Irish History and Irish Mythology’ [valedictory lecture. 1977], in Hermethena CXXIV (Summer 1978), pp.7-24: ‘The past is dead. Nothing, for good or ill, can change it; nothing can revive it. Yet there is a sense in which the past lives on, in works of human hands and minds, in beliefs, institutions, and values, and in all of us, who are its living extension ... Myth-making is an ancient Irish industry, of which the origin-legends and heroic tales of early and medieval Ireland are a characteristic product.
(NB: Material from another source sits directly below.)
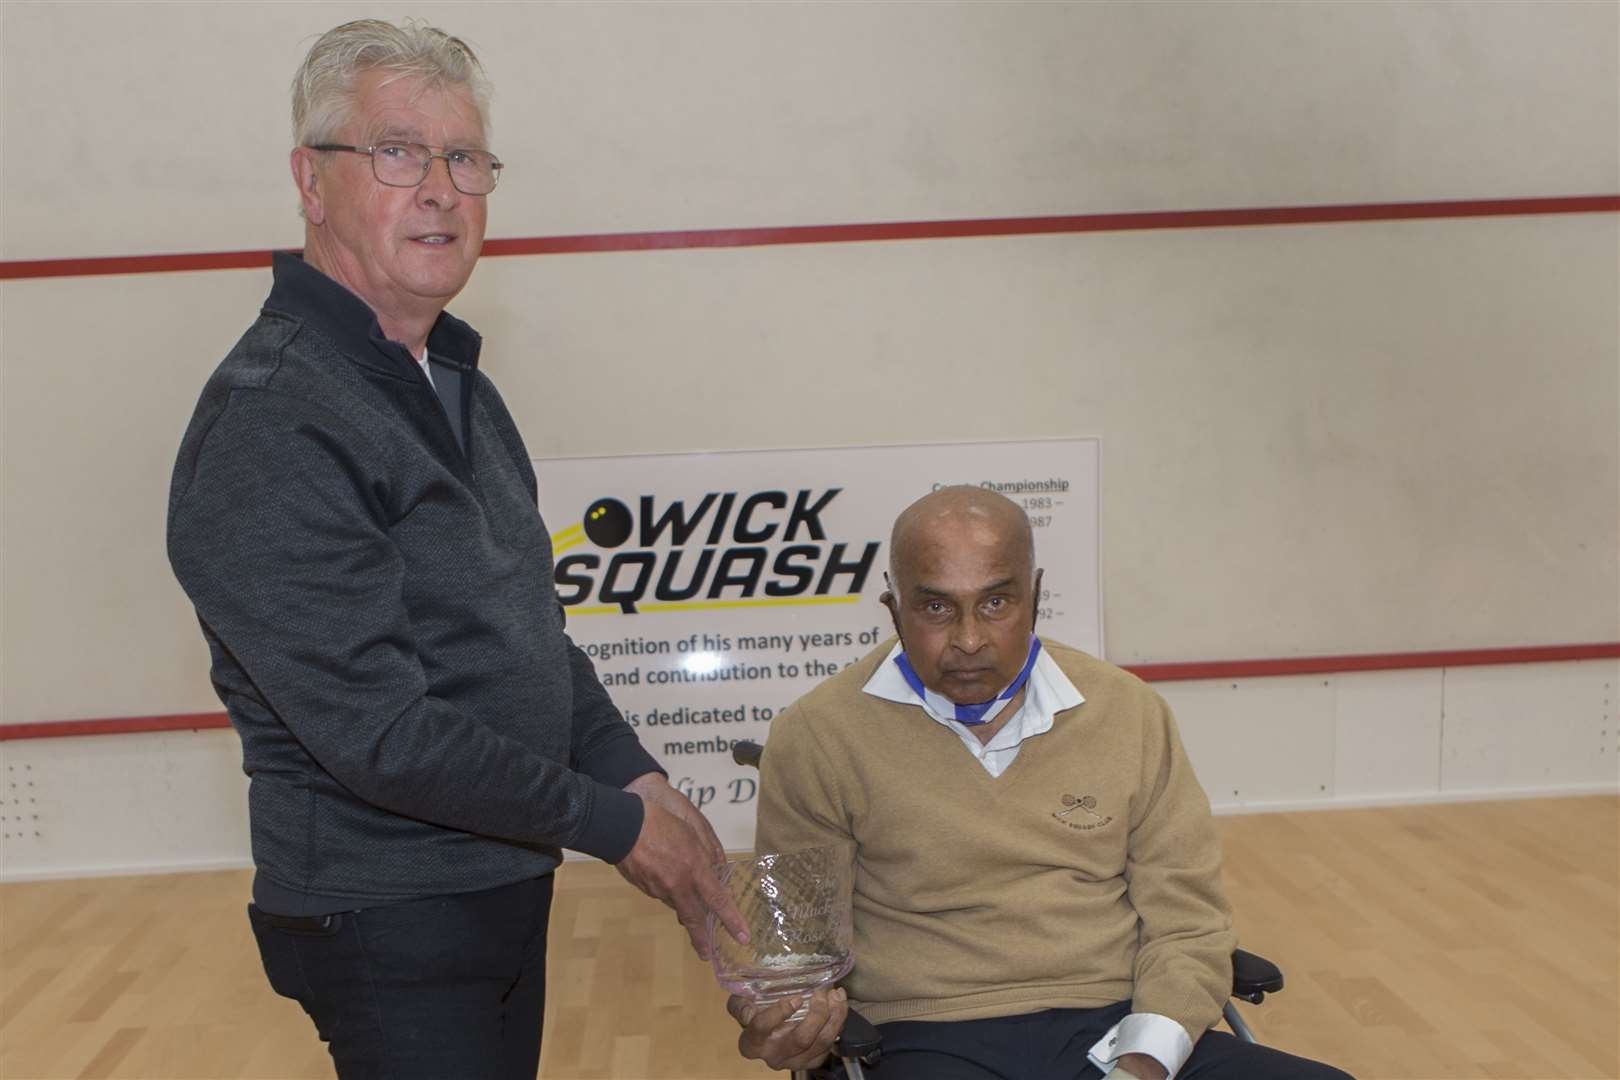 Pradip Datta presents Roy Mackenzie with the Mackenzie Rose Bowl, an engraved glass trophy marking their many years of friendly rivalry in various competitions at Wick Squash Club. Roy has handed the trophy over to the club where it will be competed for annually as a league trophy. Picture: Robert Macdonald / Northern Studios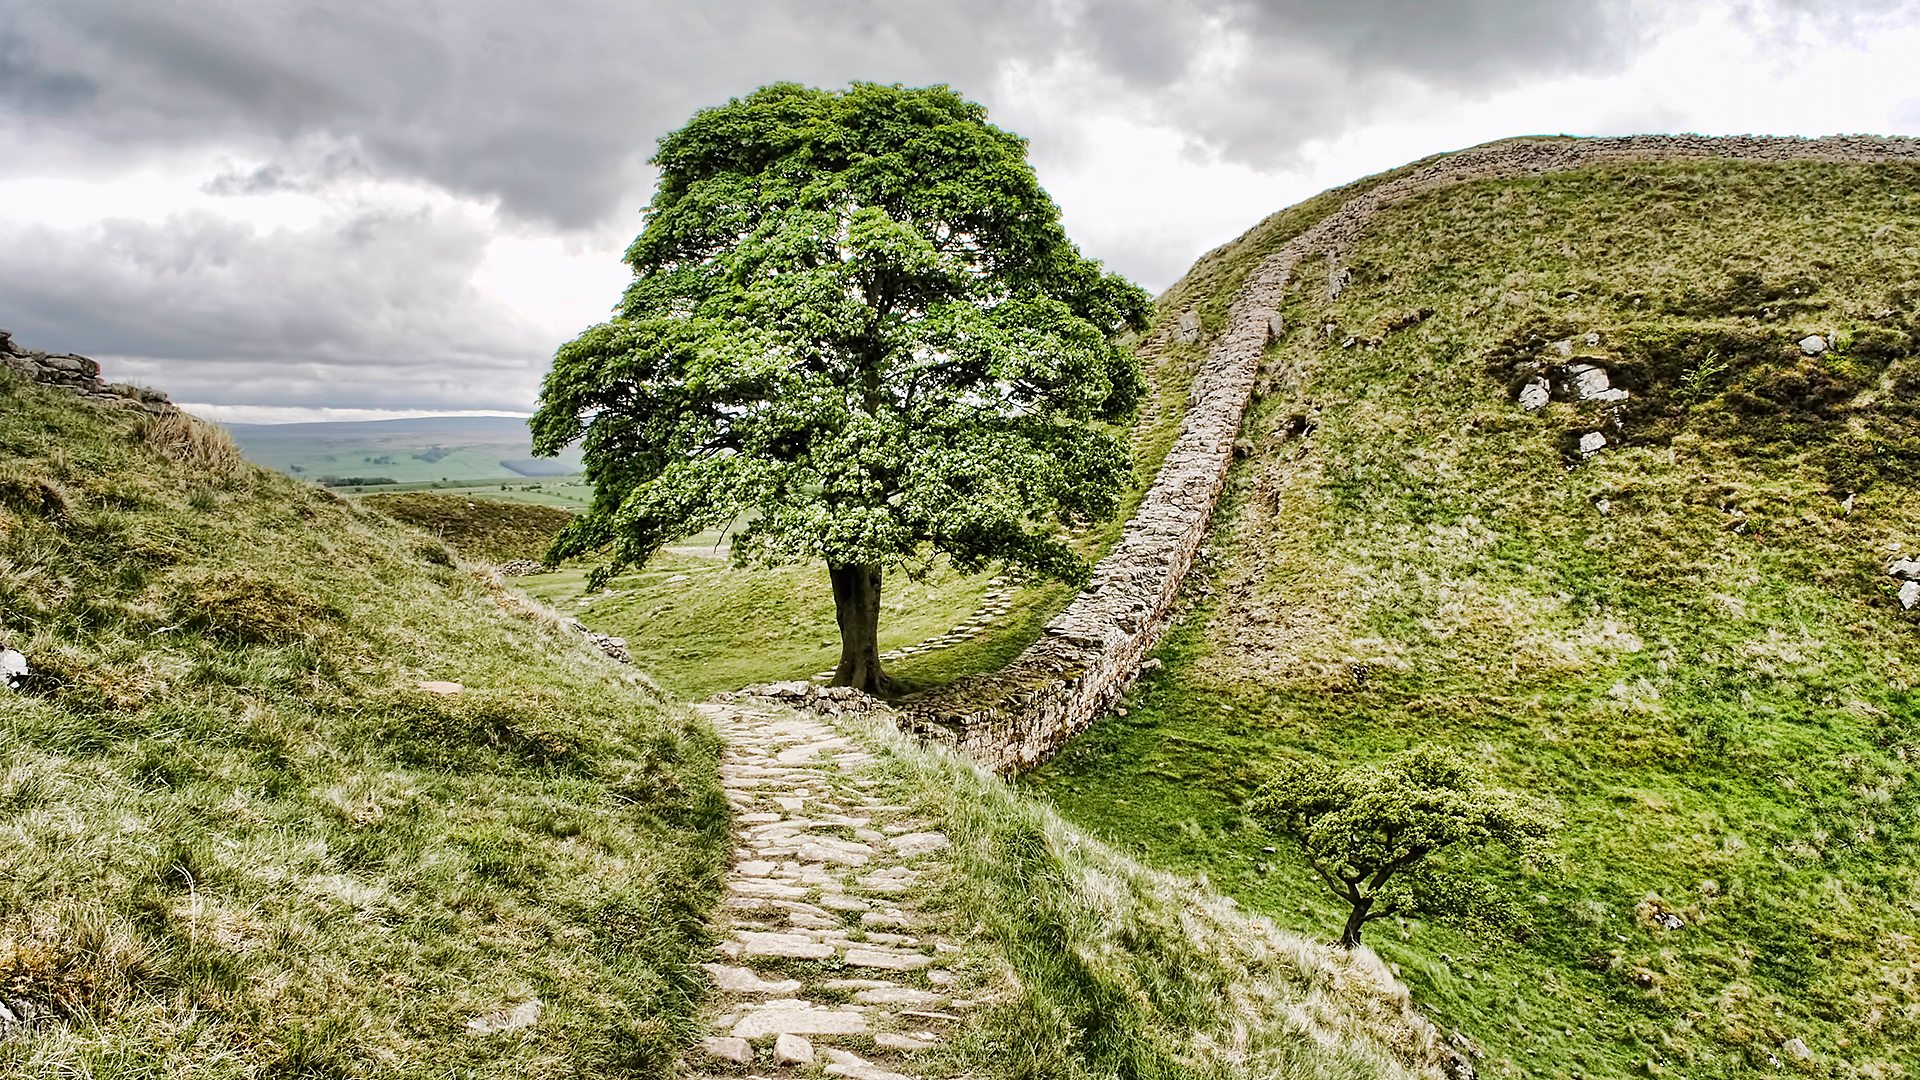 The tree at sycamore gap in Northumberland before it was felled (Credit: Getty Images)

But the myths I have in mind all took shape within the past four centuries, and are still more or less current. [...] What might be called the ‘catholic-separatist’ myth emerged in the early seventeenth century [...].’ (Cont.)

Irish History and Irish Mythology' (1977) - cont.: ‘History is a matter of facing the facts of the Irish past, however painful they may be; mythology is a way of refusing to face the historical facts. The study of history not only enlarges truth about our past, but also opens the mind to the reception of ever new accessions of truth. On the other hand, the obsession with myths, and especially the more destructive myths, perpetuates the closed mind.’ (Rep. in Interpreting Irish History: The Debate on Historical Revisionism, ed. Ciaran Brady, Dublin: IAP 1994, pp.71-86; quoted in Conor McCarthy, Irish Modernisation: Crisis and Culture in Ireland, 1969-1992, Four Courts Press 2000, p.85; also in Liam Harte, Satellite Lect., MA Dip., UUC, Feb. 2003.)